Adam Poole wusste schon früh, dass er sich den Traum vom eigenen Haus abschminken  kann, wenn er in Cornwall bleibt. Also machte er es wie die meisten Kornen: Er ging nach London, arbeitete in der IT-Branche und sparte. Als er genug Geld zusammen hatte, kehrte er zurück in die Heimat und kaufte ein Haus. Jetzt verdingt er sich als Verwalter des St. Michael’s Mount. Auf der Gezeiteninsel thront eine beeindruckende Schloss- und Abteianlage, die viel Geschichte beherbergt und Rosamunde-Pilcher-Fans anlockt. Bis zu 20 Prozent der Besucher sind Deutsche, sagt Poole.

„Dass Cornwall die Kulisse für die Filme stellt, ist das beste Marketing, das wir kriegen können“, sagt Malcolm Bell, Chef des Fremdenverkehrsamts Visit Cornwall. Die Hälfte aller ausländischen Gäste seien deutschsprachig. „Wir können kaum die Nachfrage bewältigen.“ Cornwall habe in den vergangenen Jahren eine Renaissance erlebt: Höhere Qualitätsstandards, besseres Essen und Angebote für jeden Geldbeutel. Während Landwirtschaft, Fischerei und Bergbau kaum mehr etwas abwerfen, verbucht das Geschäft mit den Urlaubern Erfolge. Rund 22 Prozent des regionalen Bruttoinlandsprodukts macht das Tourismusgewerbe aus.

Reisebusse, bepackt mit deutschsprachigen Touristen, fräsen sich auf engen Landstraßen durch sumpfige Wiesen und weite Felder. „Mein Herz geht auf, es ist so romantisch“, sagt eine österreichische Urlauberin. Ihre deutsche Freundin erklärt: „Wir suchen die Bilder aus den Filmen.“ Und wie im Fernsehen rücken die Sonnenstrahlen die raue Steilküste ins rechte Licht, in den Gärten setzen strahlende Blüten die Kontraste.

Die Urlauber passieren das Fischerdorf Newlyn. Hier ist kein Platz für Romantik. Die Pilcher-Touristen treffen nicht den Fischer Paul, der am späten Nachmittag sein altes Boot für den nächsten Morgen klarmacht. Sie sehen nicht, wie er die roten Kisten, die früher prall gefüllt waren und seit einigen Jahren immer leerer werden, zurück auf den von Wind und Wasser abgenutzten Kahn wirft. Hören nicht, wie der Engländer auf die Fischereipolitik der EU schimpft.

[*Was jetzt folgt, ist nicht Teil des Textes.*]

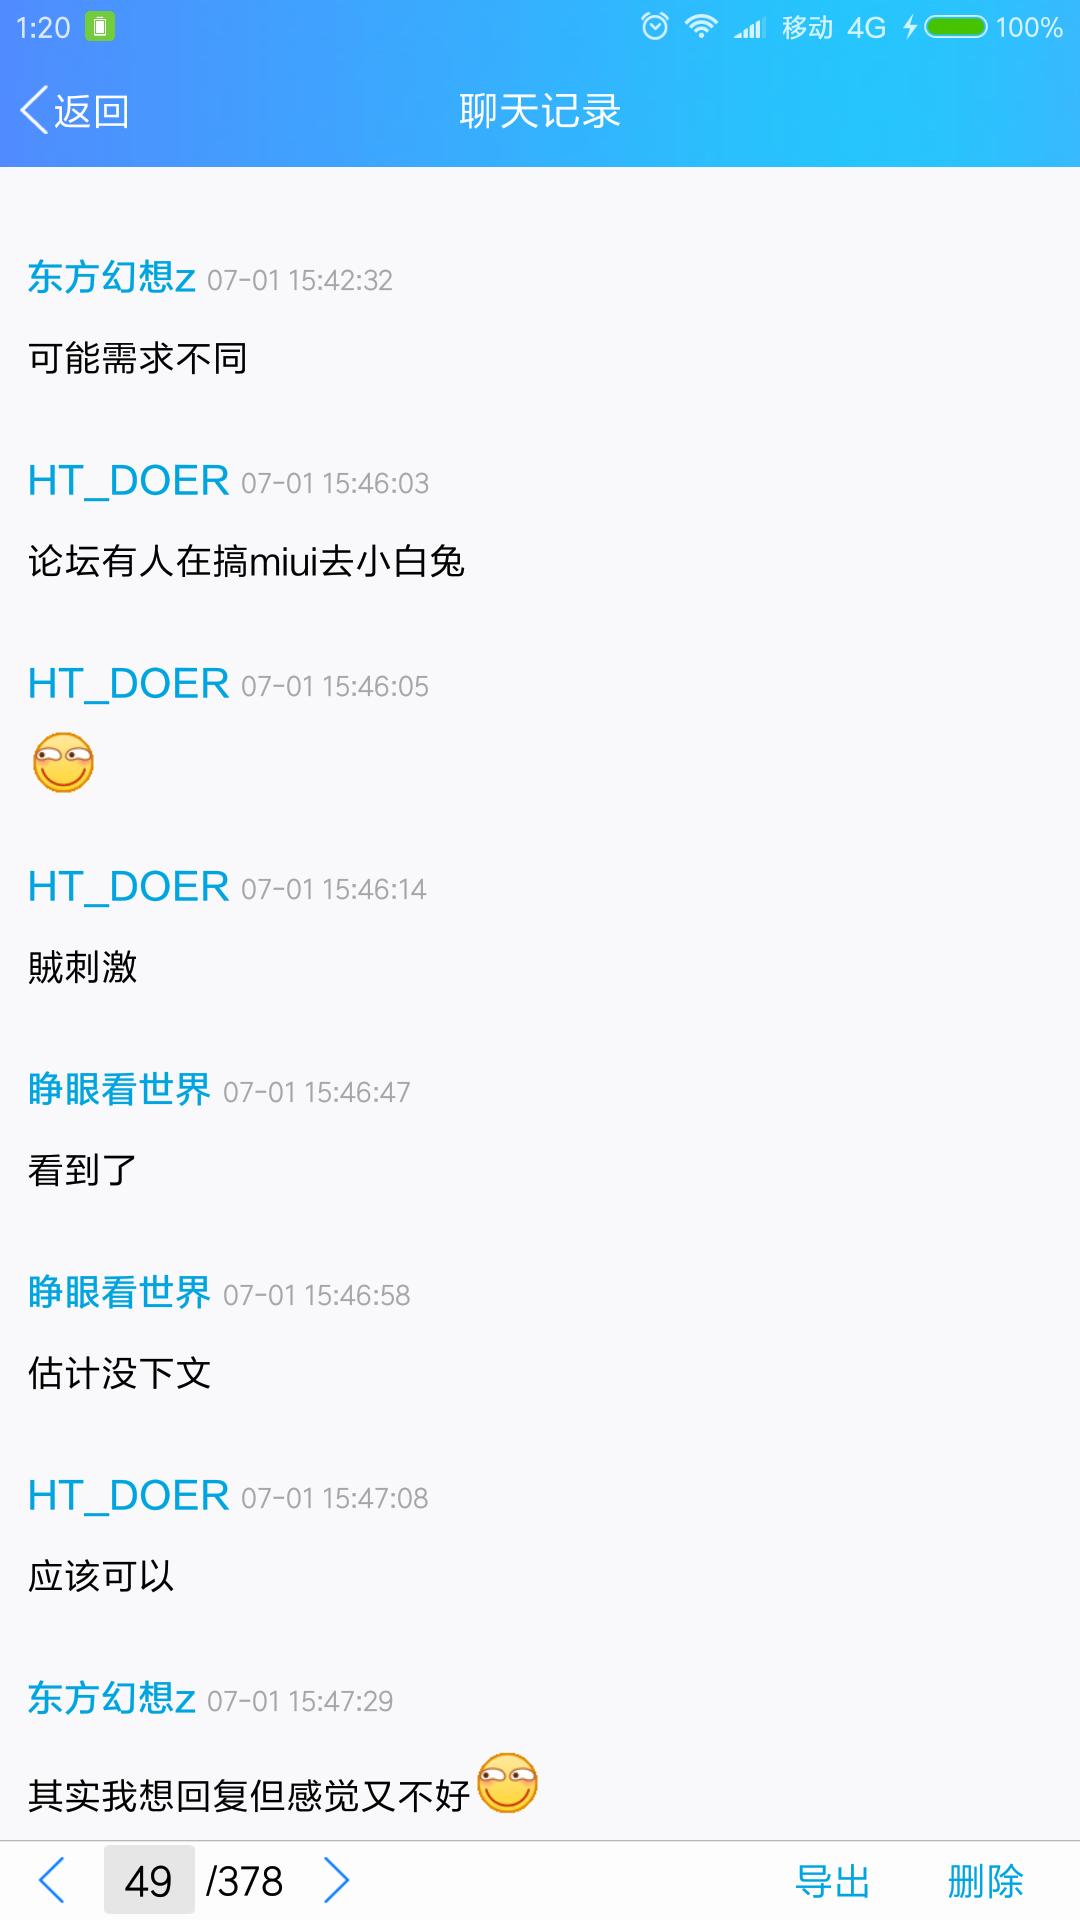 Screenshot_2017-07-09-01-20-38-021_com.tencent.mobileqq.png

Ein Reisegruppenstopp ist dagegen immer Prideaux Place, ein efeubewachsenes Herrenhaus in den Hügeln von Padstow. Die Eigentümer, Peter und Elisabeth Prideaux-Brune, platzen fast vor Dankbarkeit, wenn die Rede auf Pilcher kommt. Denn ihr Anwesen profitiert beträchtlich von den Dreharbeiten. Bereits 16 Episoden spielten hier. Der pensionierte Anwalt, der stets als Komparse einspringt, schätzt den Touristenstrom und stellt sein Haus gern zur Besichtigung zur Verfügung, ein kleines Café bringt zusätzliche Einnahmen. Nicht selten wird  er  selbst  besichtigt,  wenn  er im „Morning Room“ in seinem antiken Sessel sitzt und Zeitung liest. Gemalte Vorfahren schauen in Öl von den Wänden herab. Seine Frau bringt Tee und muss zuerst die goldene Kordel entfernen, die die Sitzlandschaft von durchspazierenden Gästen trennt. Im vergangenen Jahr kamen 27 000 Besucher. „Das hilft, die Rechnungen zu bezahlen“, sagt der Hausherr und nimmt einen Schluck Tee. Willkommen im Pilcherland.